You gave very different prompts to gemini and GPT 4("how much money" vs "how many coins", different coordinates systems etc).


Trying myself with GPT 4 Vision (directly using the API), I get response:

"The image shows a total of four coins."

For the exact same image with a prompt "how many coins do I have?"

I keep getting the same thing every time.

If I ask "what is the value shown on the image?"

I get the following:

"The image shows four coins, and from what I can discern, three of the coins have the number "1" on them, which likely indicates that they are one-unit coins in their respective currency. The fourth coin, which is a different color and appears to be bi-metallic, has the number "2" on it, suggesting it is a two-unit coin. The total value shown by the coins, therefore, appears to be 5 units of their currency. However, without knowing the specific currency, I cannot determine the exact monetary value in any other terms."

So to me it's obvious gpt4-vision model can handle this question.

Edit: I also get for regular ChatGPT "You have a total of four coins in the image."

Now I tried to ask GPT4 Vision to find the Dog, and it said:

"The dog is located approximately at 0.29, 0.36, 0.70, 0.90." - Just eyeing it, it may seem decently accurate, but not 100%.

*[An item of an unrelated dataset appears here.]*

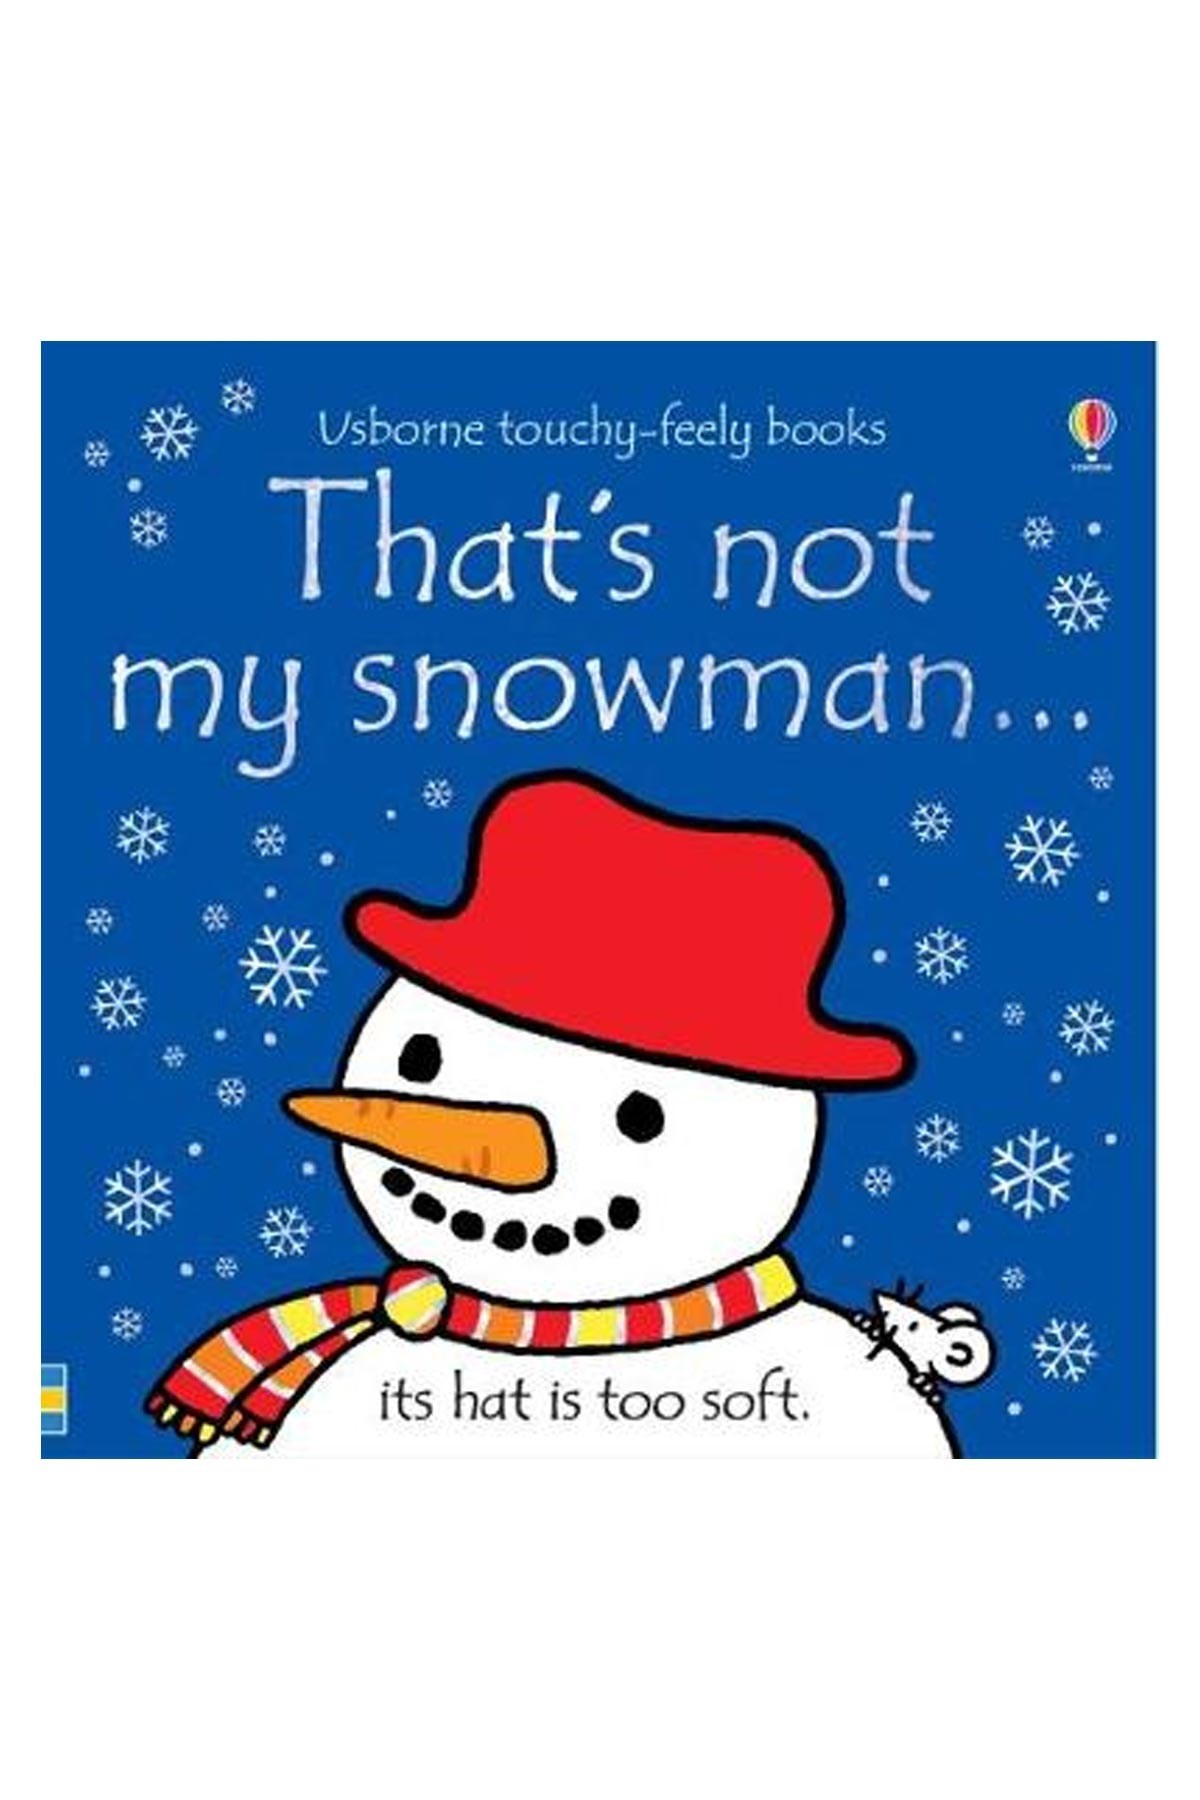 The Usborne That's Not My Snowman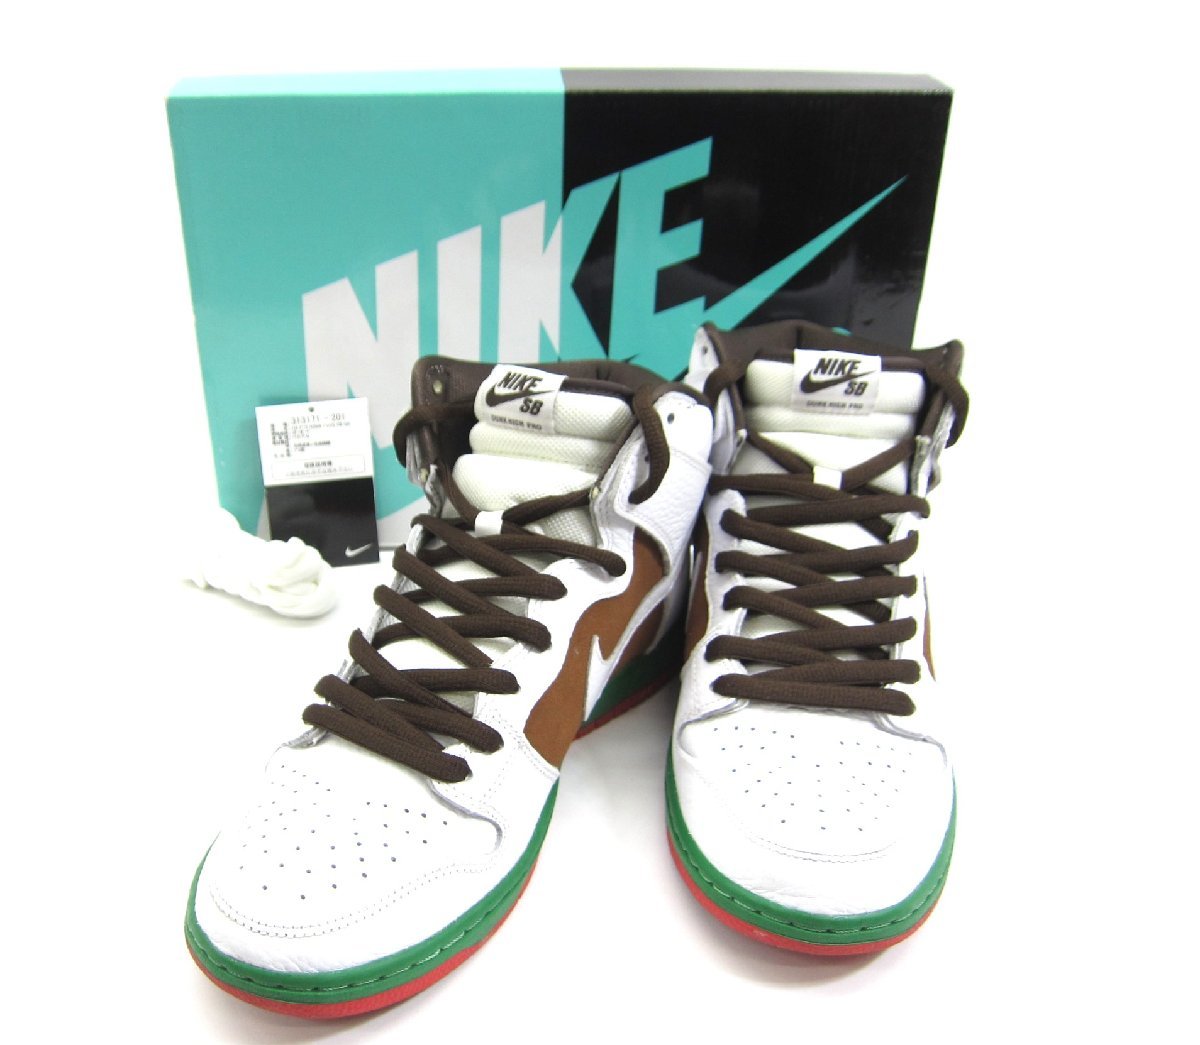 NIKE Nike DUNK HIGH PREMIUM SB CALIFORNIA 313171-201 SIZE:US11 29.0cm men's sneakers shoes *UT10936

My difference is that I took a screenshot from your pictures rather than providing the original though, so that could also probably affect answers.

Prompt for the dog was: "Find the dog. Return its location in the format x_min, y_min, x_max, y_max. Respond with 0-1 as percentages."


Thank you! We took screenshots of our tests, which you can download here: https://media.roboflow.com/lmms-tests.zip

(Gemini ones are not in there yet.)


That's not really answering anything.


The prompt for the coordinates is still different in GPT 4. Coins one look to be the same but the question is little bit ambiguous as GPT might be answering the total value of coins and did 1+1+1+2. For me, the tax one is working in GPT 4.


> Coins one look to be the same but the question is little bit ambiguous as GPT might be answering the total value of coin

Well that wouldn't be a very intelligent "AI" would it? The prompt was completely unambiguous.


Interesting why it decided to draw a bounding box around the dog's head, maybe because its training images are mostly dog portraits


I would like to see a few more tests to make sure it's definitely not a coincidence that it was specifically a box in the center.


I am trying to use the HTTP API. I asked this simple question "How many fingers does a baby have?" and all I get is the empty reponse: [{'candidates': [{'content': {'role': 'model'}, 'finishReason': 'OTHER'}]}, {'candidates': [{'content': {'role': 'model'}, 'finishReason': 'OTHER'}], 'usageMetadata': {'promptTokenCount': 3, 'totalTokenCount': 3}}]

If I use their example "Give me a recipe for banana bread.", it returns a recipe.

Why won't it answer a simple question about number of fingers?


good work!


These results say that Gemini performs better than GPT4-V, which is clearly not true from experience. Clearly, we need better evals.